Geçtiğimiz hafta Atina, haberciler açısından oldukça yoğundu. 'Radikal solcu genç başbakan Aleksis Çipras, Almanya gibi güçlü bir ülke ile başa çıkabilecek mi', 'Yunanistan yine mi iflas edecek yoksa Euro Bölgesi'nden dışlanacak mı' gibi sorular herkesten çok biz gazetecilerin aklını kurcalayıp durdu. Hatta geçen hafta ortasında AB zirvesini izlemek için Brüksel'e gidip gitmeme arasında bocaladım. Nihayet gitmemeye karar verdim ve aldığım bir daveti değerlendirmek için, mart ayı için, hele Atina'da, alışılmışın ötesindeki soğuğa bakmadan motosikletime atladığım gibi soluğu, şehrin en 'entel' denilebilecek semtlerinden biri olan Aghia Irini Meydanı'da aldım. Gece karanlığında motosikleti zar zor park ettim ve davetli olduğum ünlü Faust sahne/barına giriverdim.
Sahne/bar diyorum çünkü Faust adlı mekan, ikindi vakti tiyatro sahnesi; gece vakti ise daha çok amatör müzisyenlerin sahne aldığı sevimli bir yer. O gece biri Fransız dördü Yunan, beş amatör müzisyenden oluşan bir grup sahne alıyordu.
Küçük sahnenin önüne açılan salon oldukça kalabalıktı. Bir gitar, bir saksafon, bir kontrbas, bir akordeon ve davulcudan oluşan grup, 1940'lı ve 50'li yıllarda Fransa'da ün salmış şarkıları çalıp söylüyordu. Salon aniden keyfe gelmişti. Bazı çiftler kalkıp Edith Piaf'ın bir zamanlar o eşsiz sesiyle söylediği şarkılarına kâh vals, kâh tango ve swing yaparak eşlik ediyor ve etrafı daha da şenlendiriyordu. Sanki Paris'in 40'lı 50'li yıllarına Pigale Meydanı'na ışınlanmıştık.
Gitar çalan Fransız müzisyen arada sırada monotonluğu kırmak için Fransız aksanıyla Yunanca, Almanca ve İngilizce şarkılar da söylüyordu. Hepsi de o eski yılların ünlü şarkılarıydı.
Oldukça esprili olan Fransız müzisyen, son dönemdeki Yunan-Alman çekişmesine göndermeler yaparak Almanca bir şarkıyı söylemeden önce salondakilere "Şimdi korkmayın, bana kızmayın ama size güzel bir Almanca şarkı söyleyeceğim" diyerek biraz da siyasetin gülünç yönlerine değinmişti. Ardından da ünlü Amerikan New York, New York şarkısını söylemeye başladığında aklıma hemen Betigül geliverdi...

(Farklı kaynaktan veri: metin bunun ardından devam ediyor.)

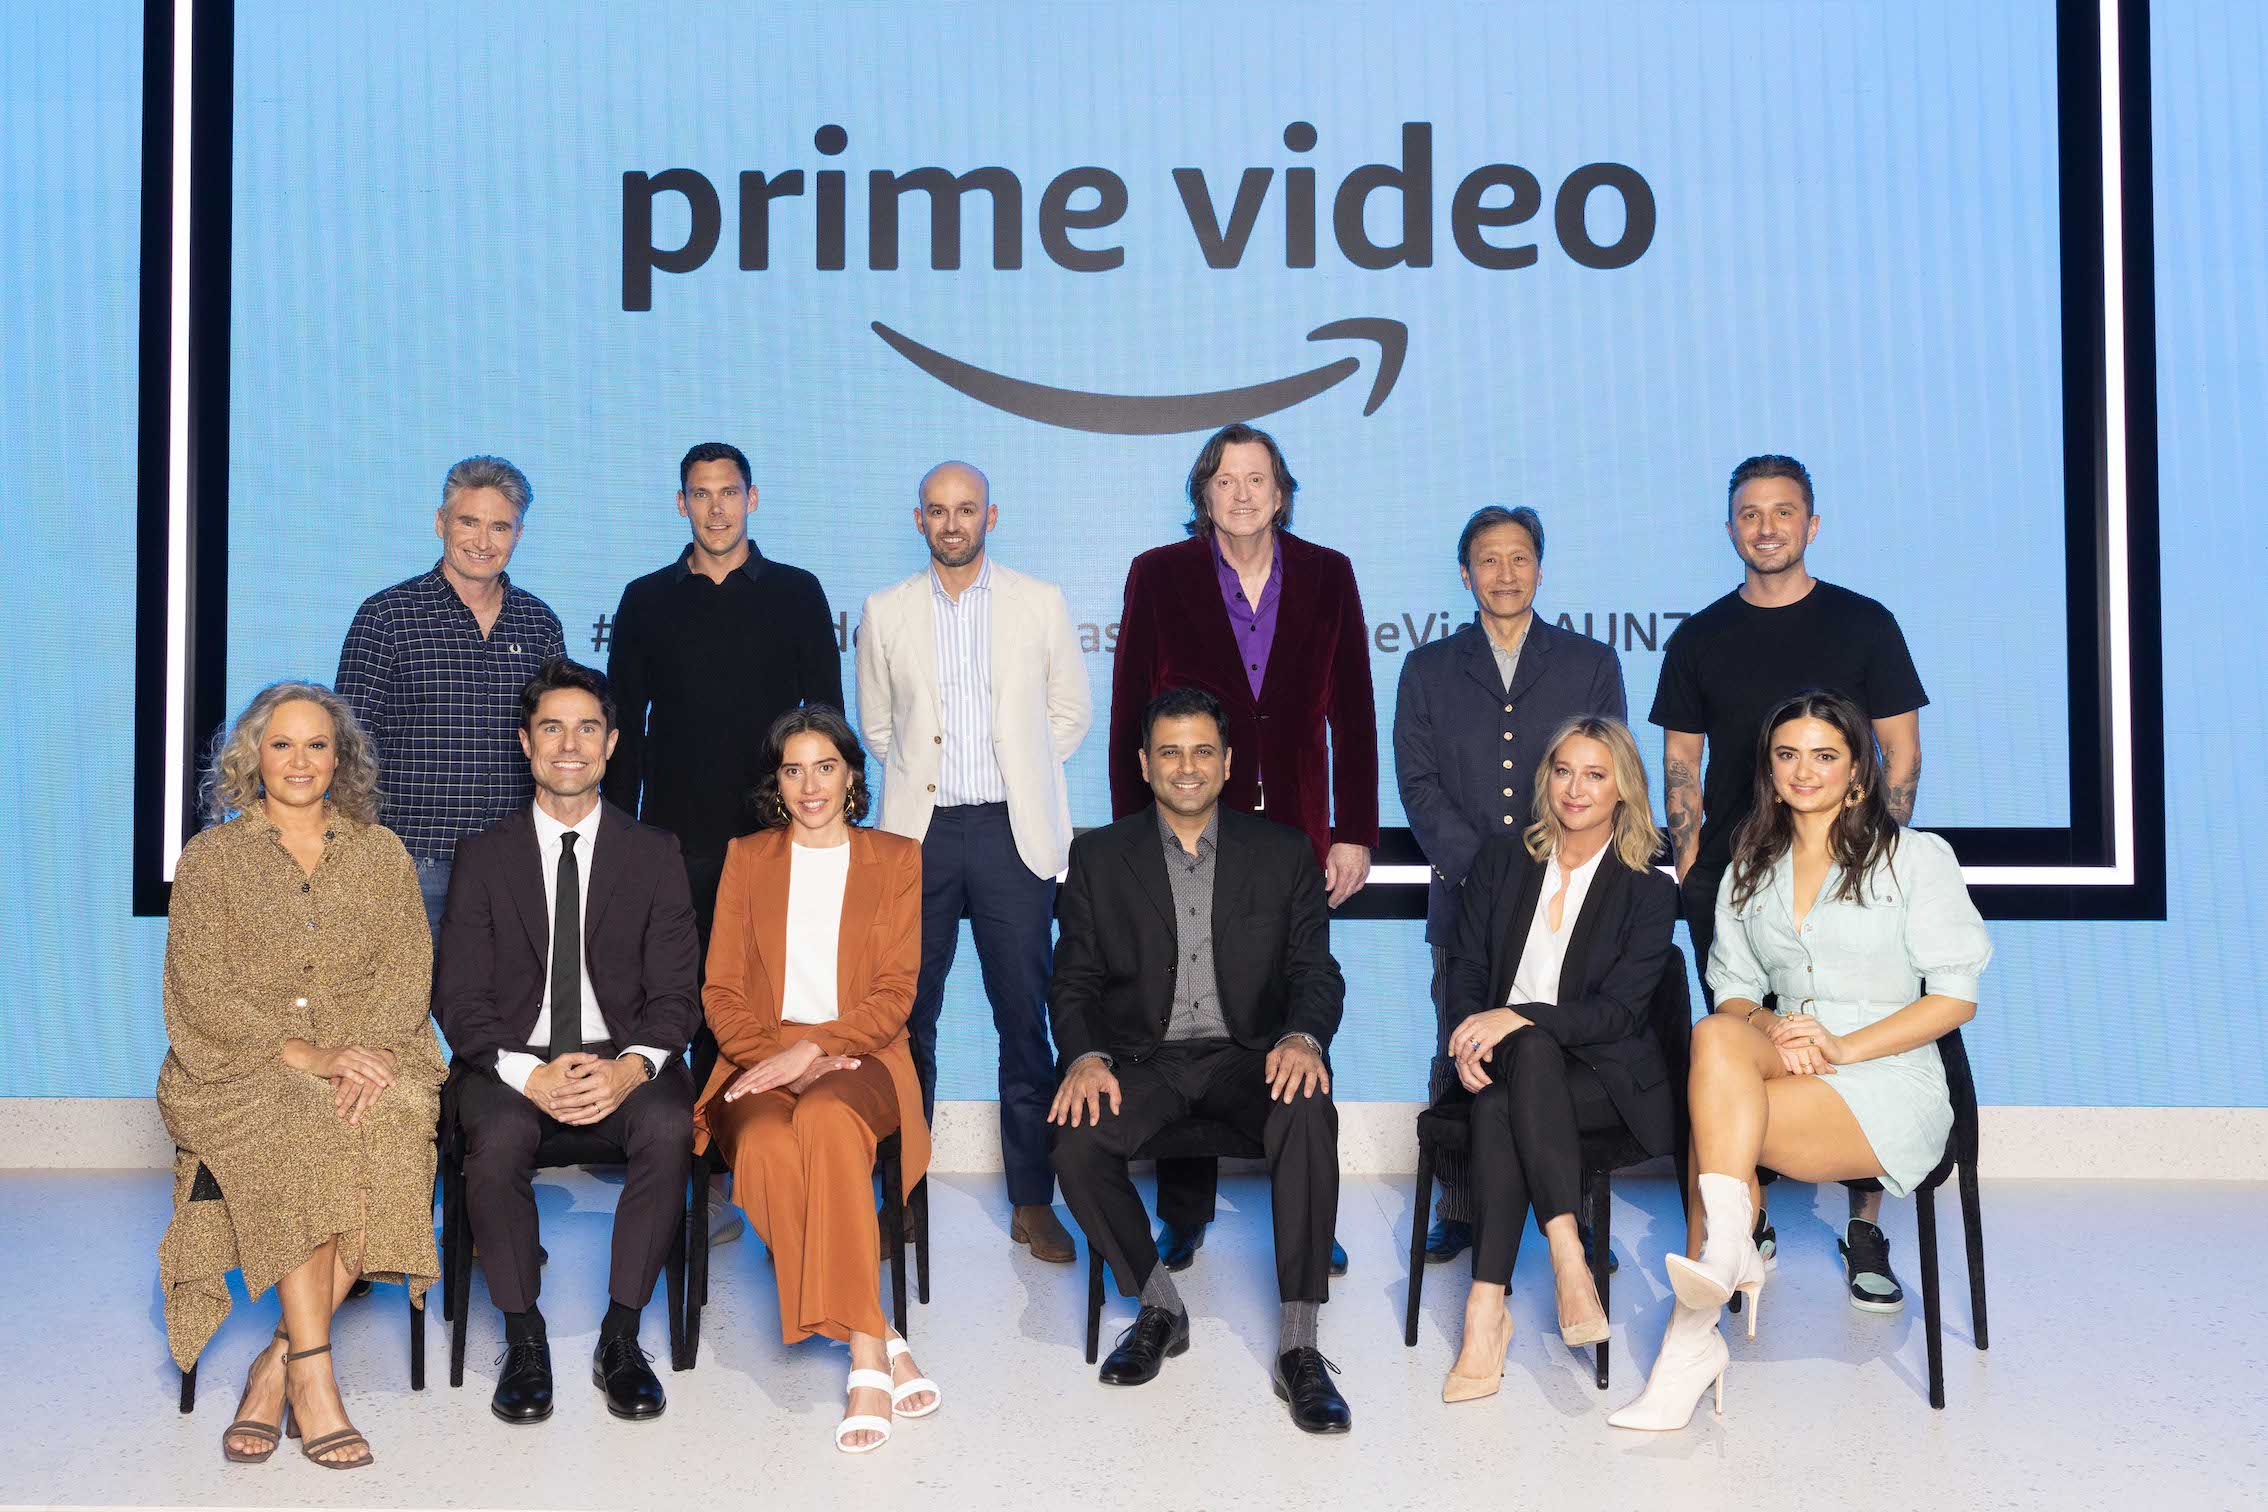 Prime Video Amazon Originals showcase stars

Betigül, çok sevdiğim arkadaşım işadamı Asaf Güneri'nin sevgili eşi ve bizim çok sevdiğimiz bir ablamızdı. Bu şarkıyı çok seviyordu ve her fırsatta eşi Asaf ile dans ettiğini gözümün önüne getiriyordum ki. Aniden cep telefonum çaldı. Gecenin o saatinde "Allah bilir yine neler oldu ki beni arıyorlar" diye mırıldandım. Telefondaki ses Asaf'ın sesiydi. İki yıldan bu yana bir türlü sağlığına kavuşamayan sevgili eşini kaybettiğini söylüyordu bana. Telefon az kaldı elimden düşecekti. Ne söyleyeceğimi bilemedim, öyle kala kalmıştım. Bu kadar kötü bir tesadüf olamazdı, Betigül güzeldi, gençti, çağdaştı, bonkördü, nazikti ve en önemlisi insandı.
Sahnedeki müzisyenlerle salondakiler birbirlerine lütuflarda bulunarak eğlene dursunlar beynimden vurulmuşluğum her halimden belli olmalı ki, yanımdakiler "Ne oldu kötü bir gelişme mi var, yoksa AB'den mi kovulduk" gibi şaka ile karışık sorular sormaya başladılar. Durumu anlattım ve kendimi Faust'tan dışarıya attım. O gece pek uyuyamadım.
Ertesi gün uçakla İstanbul'a geldim. Uçakta eşleriyle birlikte birkaç Yunan işadamı, armatör ve doktora rastladım. Hepsi Betigül'ün cenazesi için İstanbul'a geliyorlardı. Hepsi, gemicilikle uğraşan Güneri Ailesi'nin sevgili dostlarıydı.
Hayatın çok garip ve sürprizlerle dolu olduğunu hep duyarız, başkalarından dinleriz. Ama başımıza gelmeden bunun ne anlama geldiğini pek anlamayız. Demek ki Betigül'ü bu fani dünyadan New York New York şarkısıyla ruhen uğurlamak bana düşüyormuş.